There's a world-class museum in Scottsdale AZ called the Musical Instrument Museum and I've spent about 5 afternoons there in the year that they've been open and I still don't feel like I've seen it all. There are historic musical instruments from all over the world and from every ethnicity and nationality. One thread that I've been able to discern in my visits is that even in the face of complete oppression or poverty, the people find some way to make music. They'll use tin cans, sticks, dried vegetables, animal bones, animal skins or whatever they can find. The most interesting instruments and musical styles that I've seen there have come from or been born in poverty or because of some tyrant dictator telling a people that they can't have music. It finds a way!
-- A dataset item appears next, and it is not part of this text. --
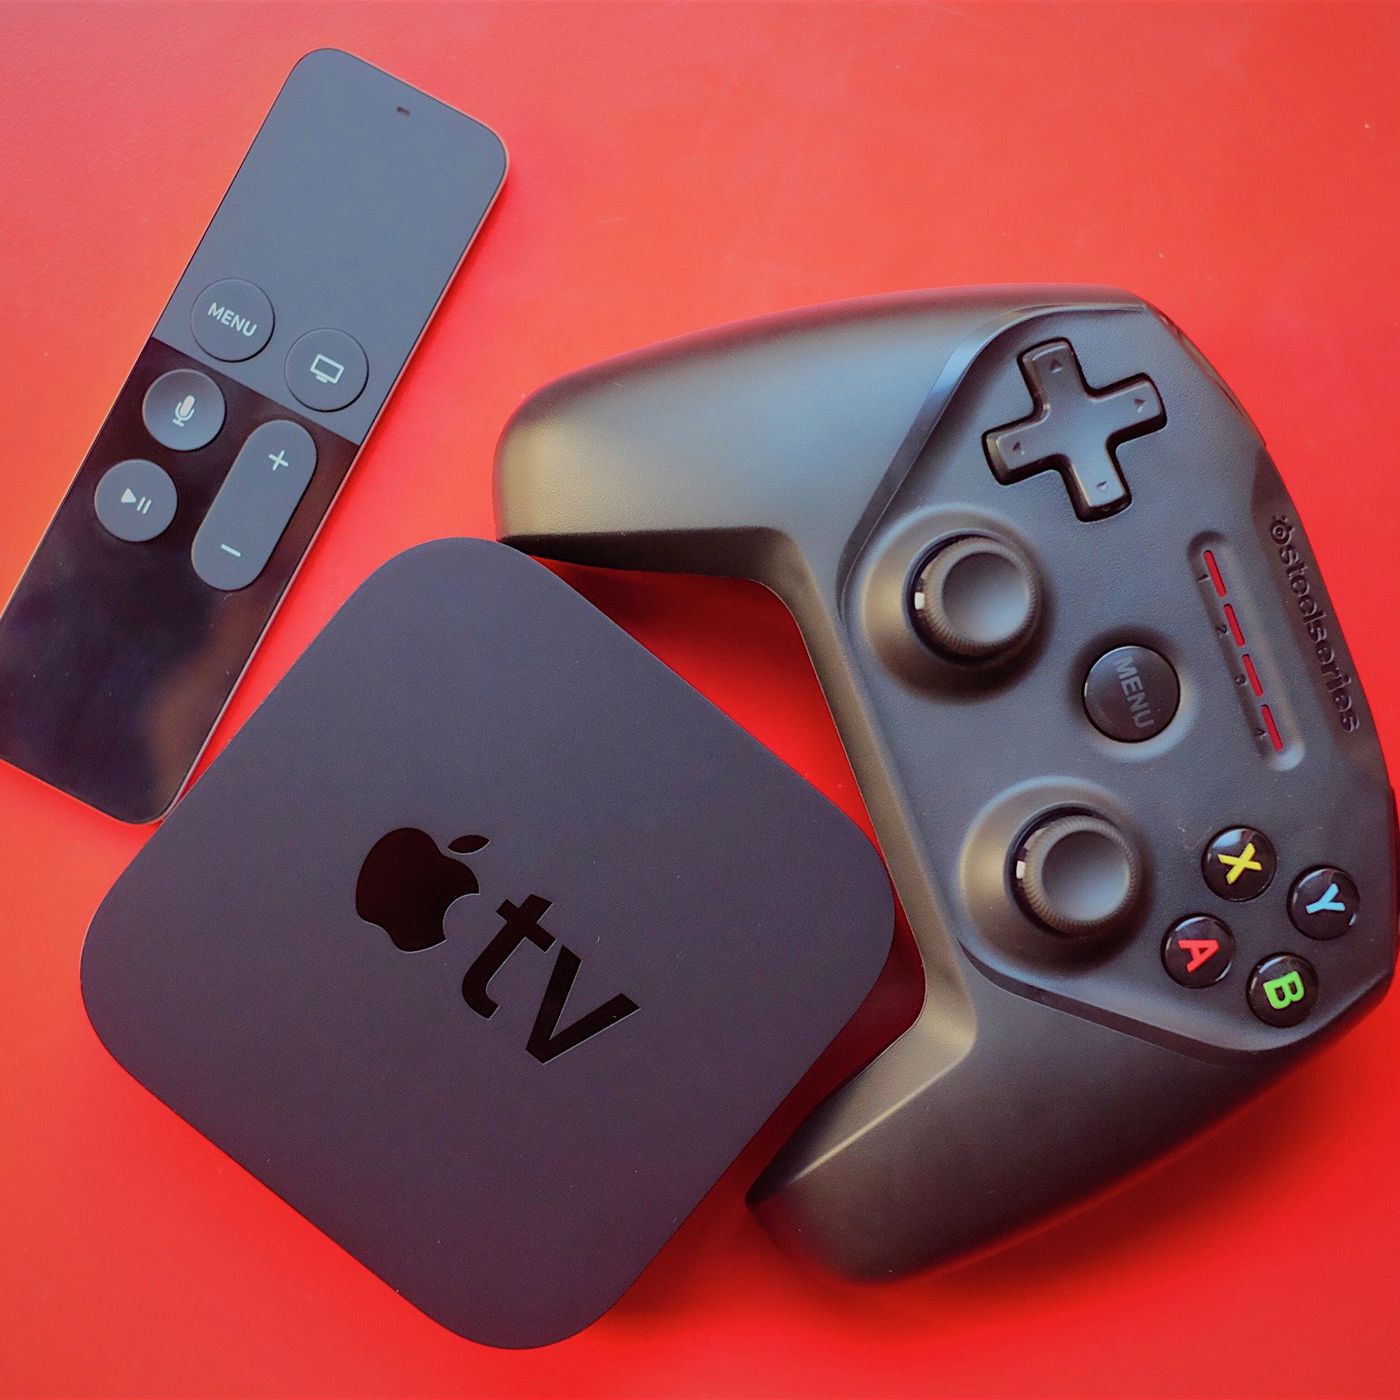 TV games will longer be crippled the Siri Remote - The Verge

There's a story about a farmer who was getting up in years and knew he would soon be "gathered up to his people" as it says in the Old Testament. He wished to bequeath is property to one of his three sons. He proposed that whichever of his sons could fill the barn with any commodity of their choosing could have their father's life work as an inheritance. The oldest son set about buying up all of the firewood in the region and filling the barn. After a week or so, he exhausted his resources and there was frankly no more wood to be found in the region and the barn was only about 2/3 full. He had to pull the wood out and give the middle son a chance. The middle son set about buying up all of the bales of hay in the county and the region. After about a week, he had exhausted his resources and there was no more hay to be found and the barn was only 3/4 full. He had to pull out all of the hay and make way for the youngest son to have a crack at it. The youngest son felt that after the noble attempts of his two older brothers that ended in failure, that there was no way he would be able to do anything that would succeed where his brothers hadn't. He went in to the barn and closed the door and sat down in the middle of that big space and lit a candle and he cried. The light filled the barn! And the farmer gave the youngest son all of the inheritance.
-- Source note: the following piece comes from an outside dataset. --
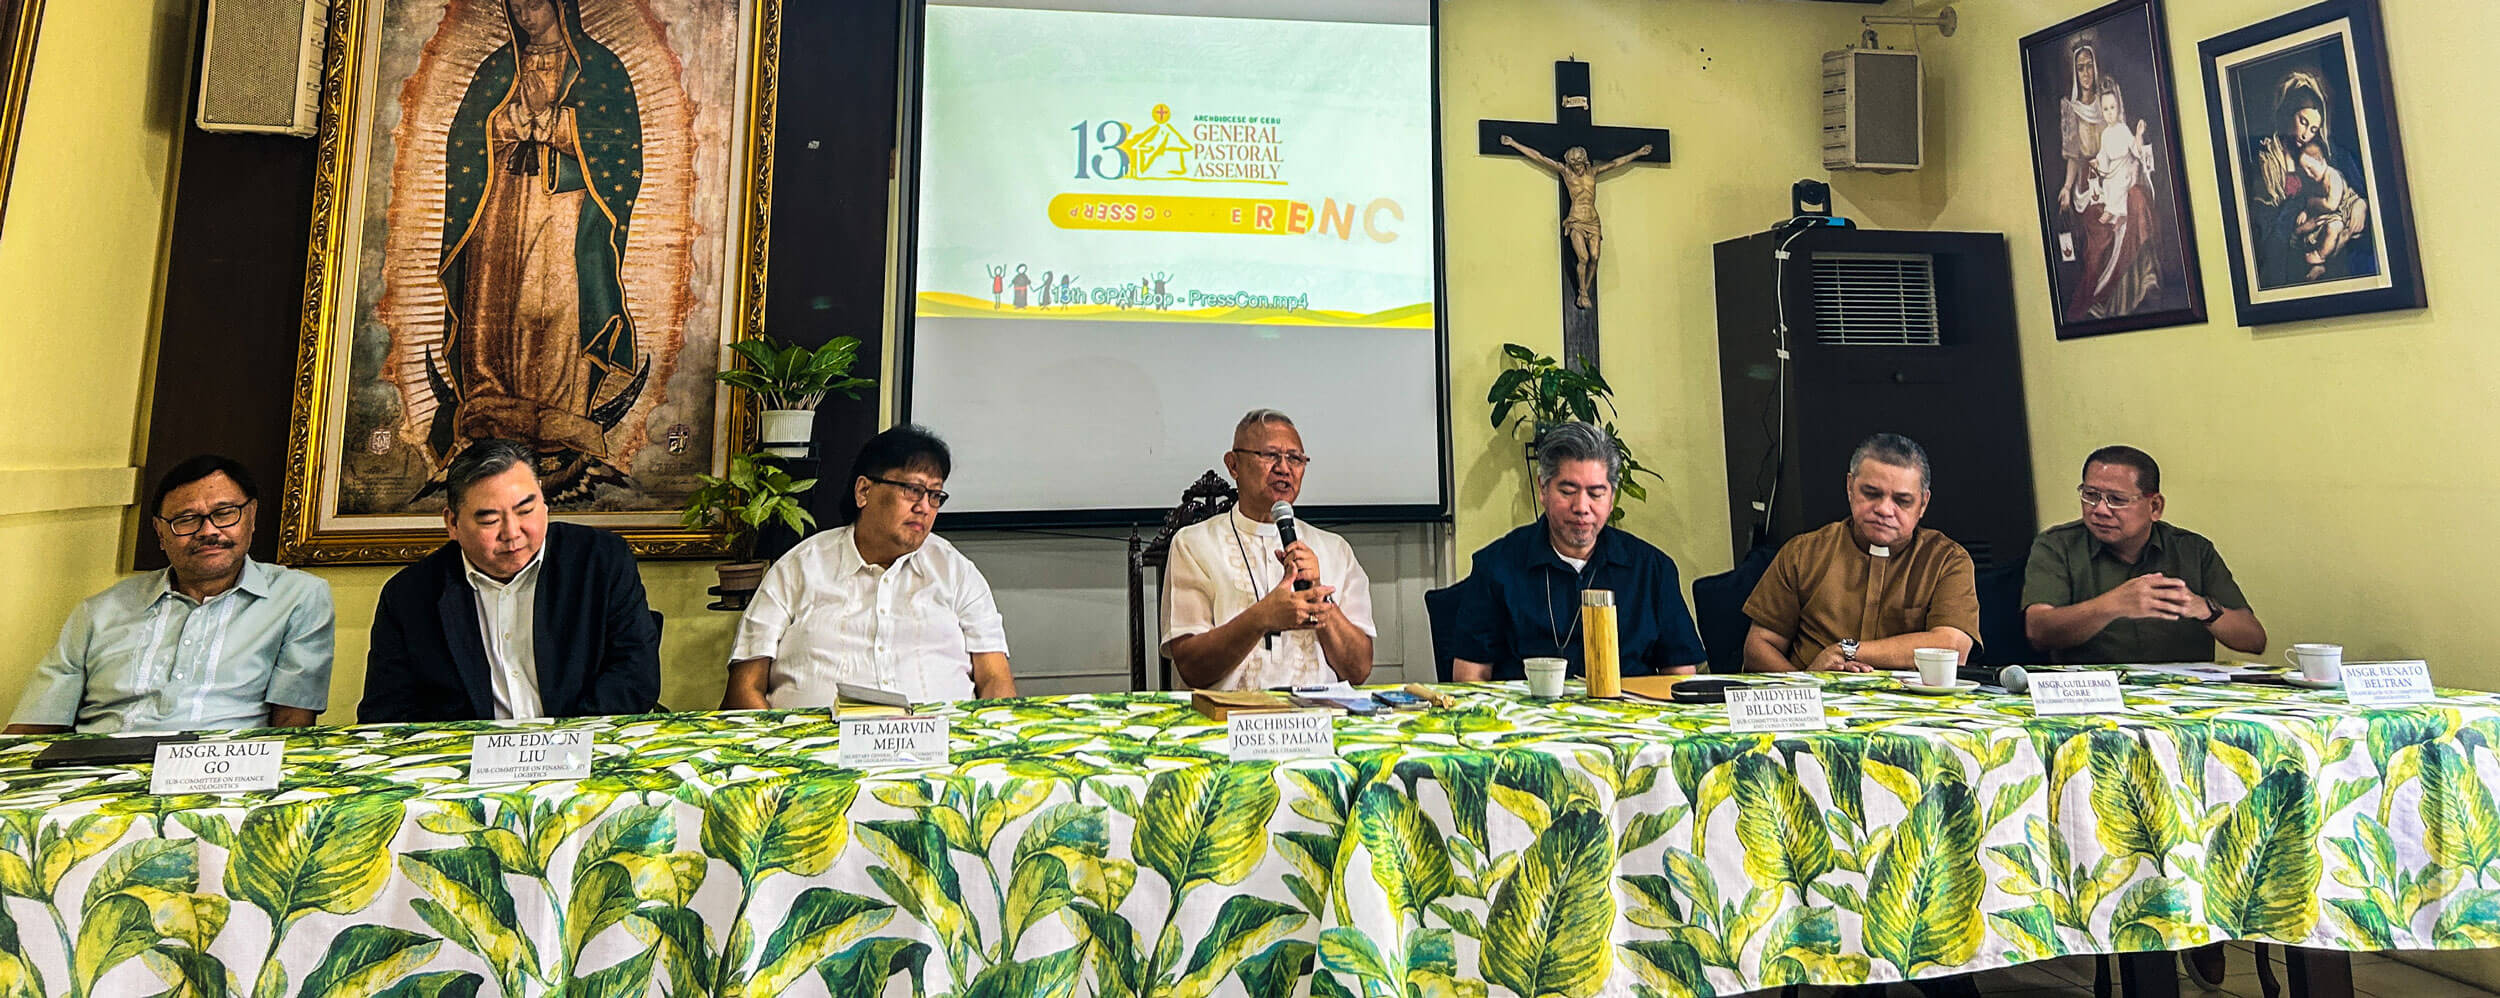 BREAKING UP ARCHDIOCESE. Cebu Archbishop Jose S. Palma (center) updates media on the latest developments on the move to break up the Archdiocese of Cebu. With Palma are (from left) Msgr. Raul Go, businessman Edmun Liu, Fr. Marvin Mejia, Auxiliary Bishop Midyphil Billones, Msgr. Guillermo Gorre, and Msgr. Renato Beltran. The archdiocese held a press conference on Friday, the day after the General Pastoral Assembly on the move to break up the archdiocese closed.

There are a couple of brilliant bakers in this town that make beautiful and delicious wedding cakes, but they dont' "fill" the room. I've seen genius event designers bring incredibly colorful and interesting event decor that doesn't "fill" a room. I've seen guests eat a celebration feast prepared and served by the best chefs in the West- and those plates didnt' "fill" the room. Music always fills the room. All of the elements come together to make a lovely event and it's the music that ties it all together. Those cold wedding guests, whispering like they were in an elevator, didn't start celebrating that wedding until music allowed or instructed them to do so.
If you don't push back the sofa in your living room and dance once in a while, you are missing out on one of the great joys of life. So... does what I do matter? Abso-floggin'-lutely!